For those of you who watch Anime or read Manga your aware of the series(or multiple series) know as Gundam. These range in different size and scope depending on the specific series but here we are focusing mainly on Gundam Seed, and Gundam Seed: Destiny. My idea focuses around the idea that each person is a Gundam pilot, controlling there specfic gundam in a tactical team for one of the competing factions. Each person pics a Mobile Suit(the technical term for them) and equipts it with weapons of their choice. They then go throughout the campaign working in a group with fellow players. Within the game however they may decide to fight against the group and work for the opposing faction. For example if the group works for the ZAFT forces a player may leave and fight for the Federation Faction, or Orb Union. this leaves a wide range for how the story would play out, and also gives the player some breathing room to design his characters own destiny.

This is somewhat based off the Anime RPG called Macrosse, and a smaller Gundam RPG I found online for those wondering. My question to you all is simply this, if presented such a RPG scenario would you be interested in joining? secondly any advice into which way to proceed with such a thread would be very much appriciated, thank you. :victory:


----------



## Serpion5 (Mar 19, 2010)

This concept can work, however I have a few questions and concerns. 

First up, I have not watched Gundam Seed and don`t plan to.  

Also, by allowing players to betray the party you are essentially dividing the plot and forcing yourself to cover multiple angles. This would work better if you took the traditional approach and kept the party together for the duration. 

Also, the level of freedom you allow typically causes problems.
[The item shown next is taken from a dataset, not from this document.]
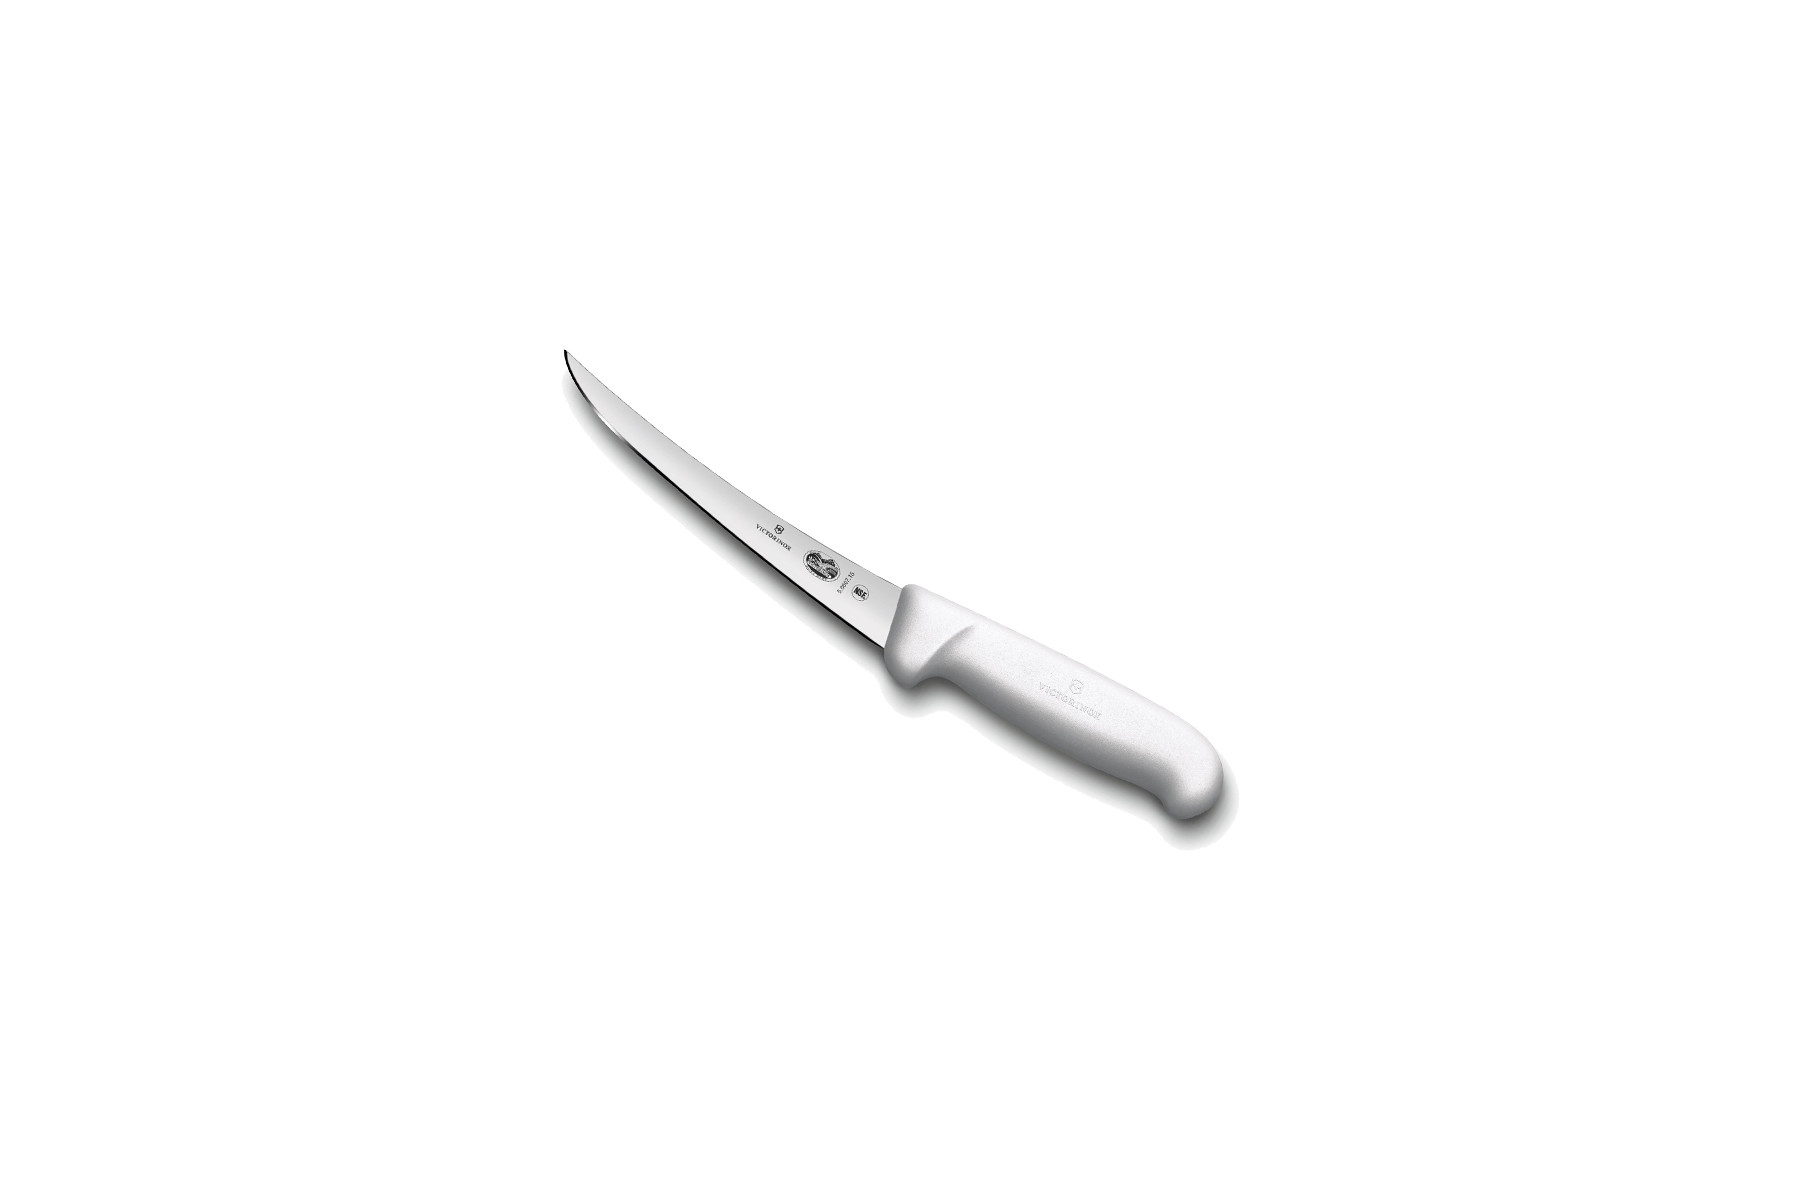 Couteau à désosser Victorinox lame dos renversé 15 cm - Manche Fibrox blanc

Having watched the veterans of the forums and how they run their threads, I really think you need to put a reasonable clamp on what you will allow your players to do. 

Third, don`t rely on players to shape the plot. Have the general direction at least planned out, and let players forge interactions with each other rather than shape the whole universe. 
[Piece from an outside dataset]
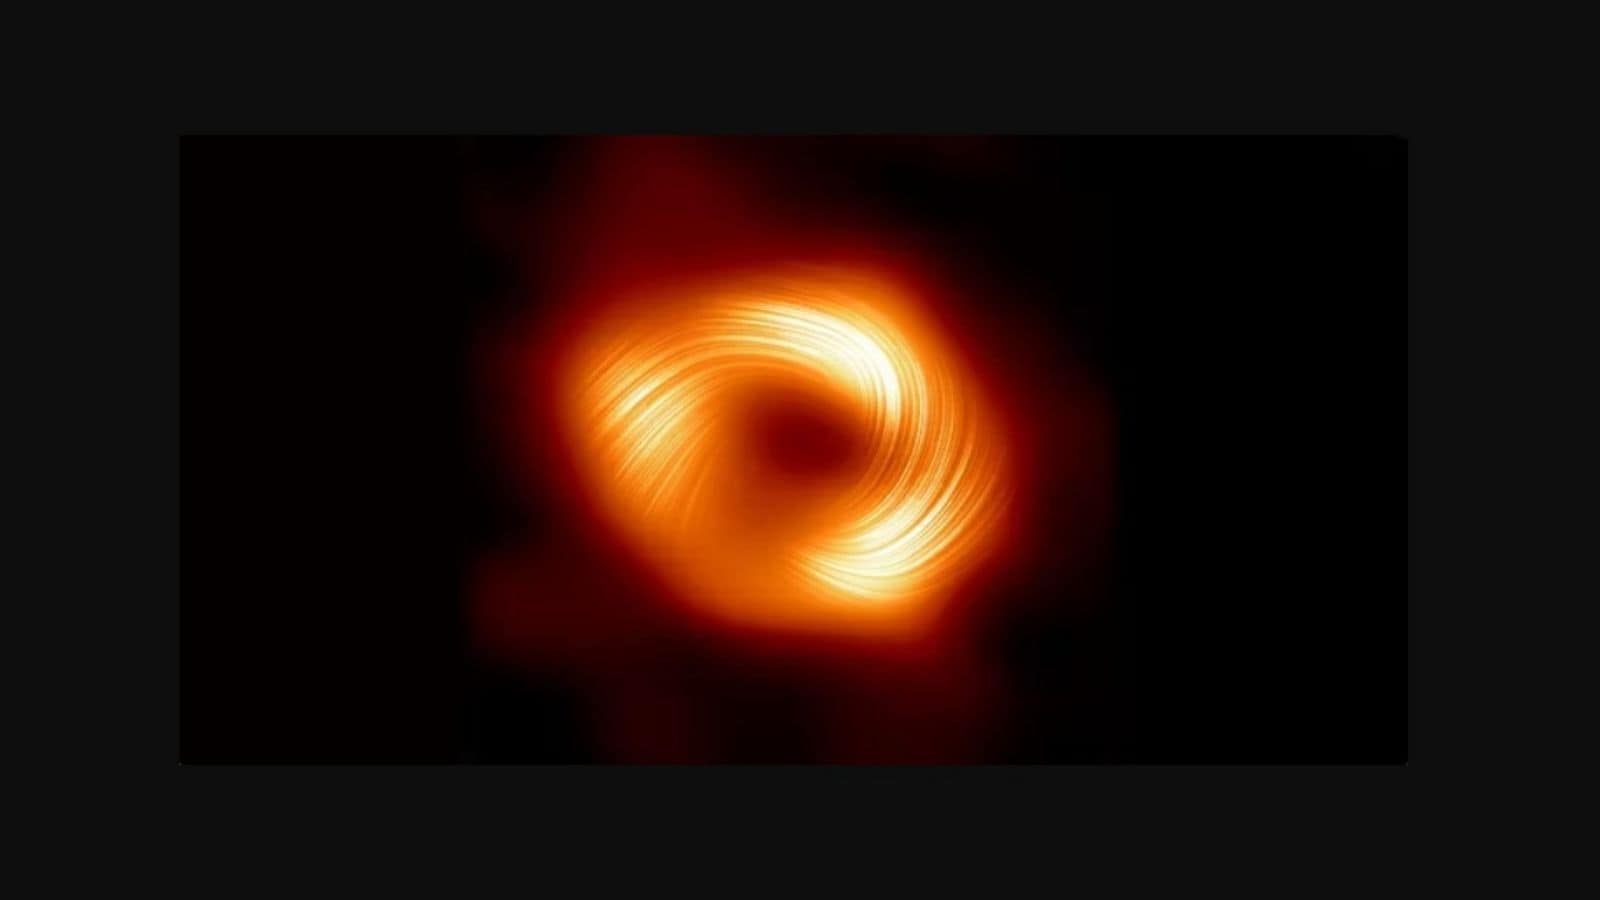 Le nuove immagini riprese dall'EHT di Sagittarius A*, il buco nero al centro della Via Lattea

if I may make a suggestion, rather than base this off a specific show, create a more generic setting. This worked for Midge and Revan with typical Fantasy Archetypes and could work for you as well. 

Give a setting, an brief history of your world, some background info and guidelines for what the gundams themselves can be and do. This way, you are not restricting potential players to a single TV series or such.


----------



## Euphrati (May 24, 2009)

As I have said before in the past, a vast number of readers on these forums come here because they are fans of 40k/WH and that setting is what they are expecting to find here. I've seen only a scant few rp threads that I would consider to be somewhat successful that have been set outside the realm of 40k/WH- and I say 'somewhat' due to the fact two of the rps have yet to reach a conclusion though both are by the same gm. Though the world-setting of both the rps currently running outside 40k/WH (The Tashiri of Telanoth and The Aleron Factor- both gm'ed by Midge913) could, conceivably, fit into the 40k/WH worlds. However, the Aleron Factor reminds me a bit more of Shadowrun in setting and I had to suppress the itch to recreate my dual Savalette Guardian wielding decker...

Am I familiar with the Gundam set? Many of them, yes, but not all of them. Would I be interested in playing in that world? No. 

Instead of running in an outside source for your world setting, why not use the concept as *inspiration *for a 40k setting? A group of Tau Fire Warriors earning their rights to be Battlesuit pilots or the princeps of a Warhound scout pack fighting to defend a city and cut off from the rest of their Legion. Those settings/storylines would interest me- but a cut/copy Gundam setting? Not in the slightest.


----------



## emporershand89 (Jun 11, 2010)

Serpion, thank you for the guidance, i will tkae it too heart.

You too Euphrati, I see the general point you are make. I will take it too heart


----------



## darkreever (Apr 3, 2008)

I have to ask, why that shit gundam seed of all things? Why not something from the one year war? Or one of the many commando units that preceded operation stardust? Or the two/three neo-zeon movements?

Serpion actually posted what I would have, and you honestly have a habit of either not taking in a word I type or somehow misconstruing it. So I'll just echo Serpion in thoughts and Euphrati in answer that I would not be interested in joining a gundam RP, at least not one from seed.



Euphrati said:


> or the princeps of a Warhound scout pack fighting to defend a city and cut off from the rest of their Legion.


Coincidentally, Dark Angel tried something similar a long time ago back when we were looking at the idea of dual action thread RP's. (A concept which, in my years of online RPing, has very rarely worked. Requires a good deal more forethought, planning, and structure than a single action thread.)


----------



## emporershand89 (Jun 11, 2010)

Darkreveer, to answer your question it is more that th core of the Gundam universe lies in 4 different series. Mobile Suit Gundam the origional, After War Gundam X, the Gundam Seed series, and finally the more recent(and not soo good) Mobile Suit Gundam 00. To even be more fair I'd throw in Gundam AGE, but thats not really core and is much more designed for the younger generation of kids who didn't grow up with Aumon Ray and Kira Yamato. The reason i specficially choose is because Seed has the most variety of Mobile Suits, and characters. Also it has a larger plot line, and many different factions and......agenda's within it. I am sad to hear you don't like it, it's quite honestly an exciting and thrilling series; that is disappointing.

But I will take your word, for I see that idea is kind of not gonna work. Thank you for your opinions guys, I shall seek another idea out.


----------